Koke Iglesias

Personal information
- Full name: Jorge Iglesias González
- Date of birth: 16 March 2005 (age 21)
- Place of birth: Valladolid, Spain
- Height: 1.85 m (6 ft 1 in)
- Position: Right-back

Team information
- Current team: Ponferradina

Youth career
- 2015–2022: Valladolid

Senior career*
- Years: Team / Apps / (Gls)
- 2022–2026: Valladolid B / 88 / (2)
- 2024–2026: Valladolid / 1 / (0)
- 2026: → Ponferradina (loan) / 16 / (0)
- 2026–: Ponferradina / 0 / (0)

International career^{‡}
- 2021–2022: Spain U17 / 6 / (0)
- 2022: Spain U18 / 2 / (0)
- 2023–: Spain U19 / 1 / (0)

= Koke Iglesias =

Spanish footballer (born 2005)

Jorge Iglesias González (born 16 March 2005), known as Koke Iglesias or just Koke, is a Spanish footballer who plays for SD Ponferradina. Mainly a right-back, he can also play as a midfielder.

==Club career==
Koke was born in Valladolid, Castile and León, and joined Real Valladolid's youth sides in 2015, aged ten. He made his senior debut with the reserves on 23 October 2022, coming on as a half-time substitute in a 3–0 Segunda Federación home loss to Real Avilés CF.

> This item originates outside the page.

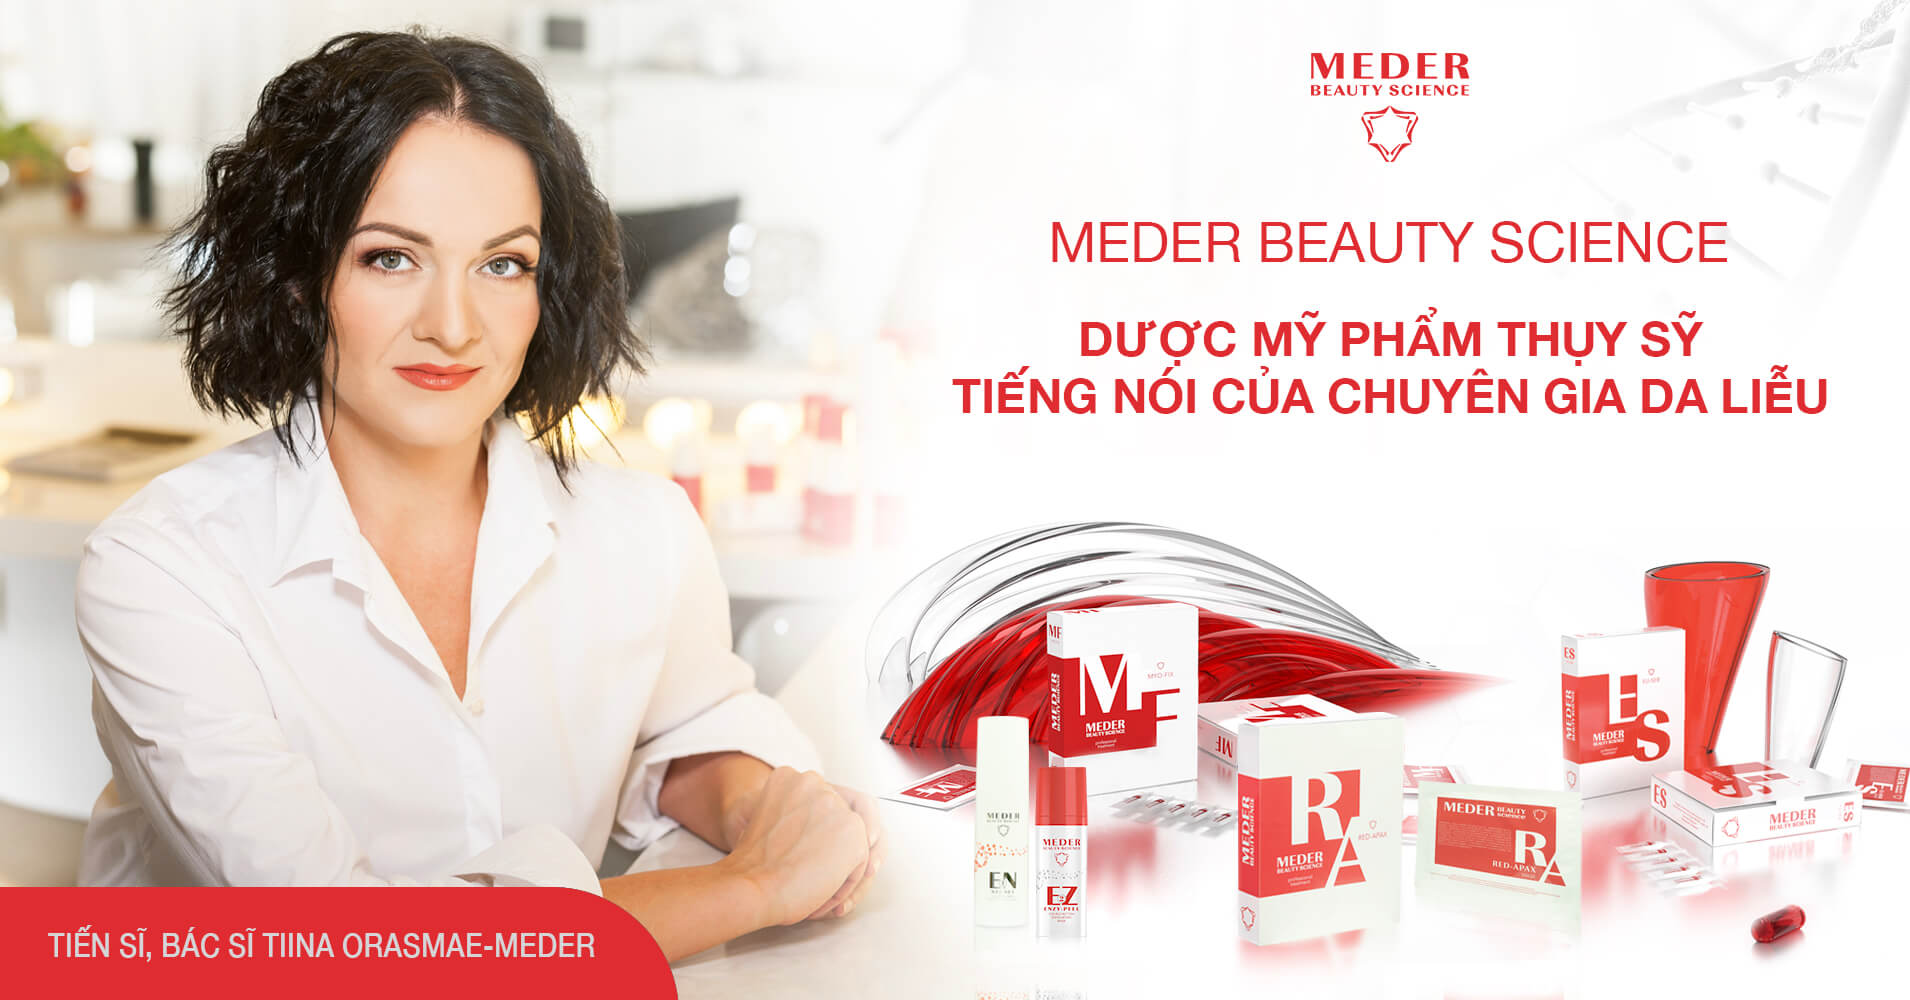 Meder Beauty Science - Dược mỹ phẩm được chuyên gia da liễu khuyên dùng

Koke scored his first senior goal on 10 December 2023, netting the B's equalizer in a 2–1 home win over UP Langreo. The following 11 January, he renewed his contract until 2026.

Koke made his first team debut on 4 May 2024, replacing Monchu late into a 1–0 Segunda División away win over CD Mirandés. On 30 January 2026, after being mainly used with the B-team, he renewed his link until 2027 and was loaned to Primera Federación side SD Ponferradina until June.

On 31 August 2026, Koke terminated his link with Valladolid, and returned to Ponfe on a permanent deal.

==International career==
Koke represented Spain at under-17, under-18 and under-19 levels.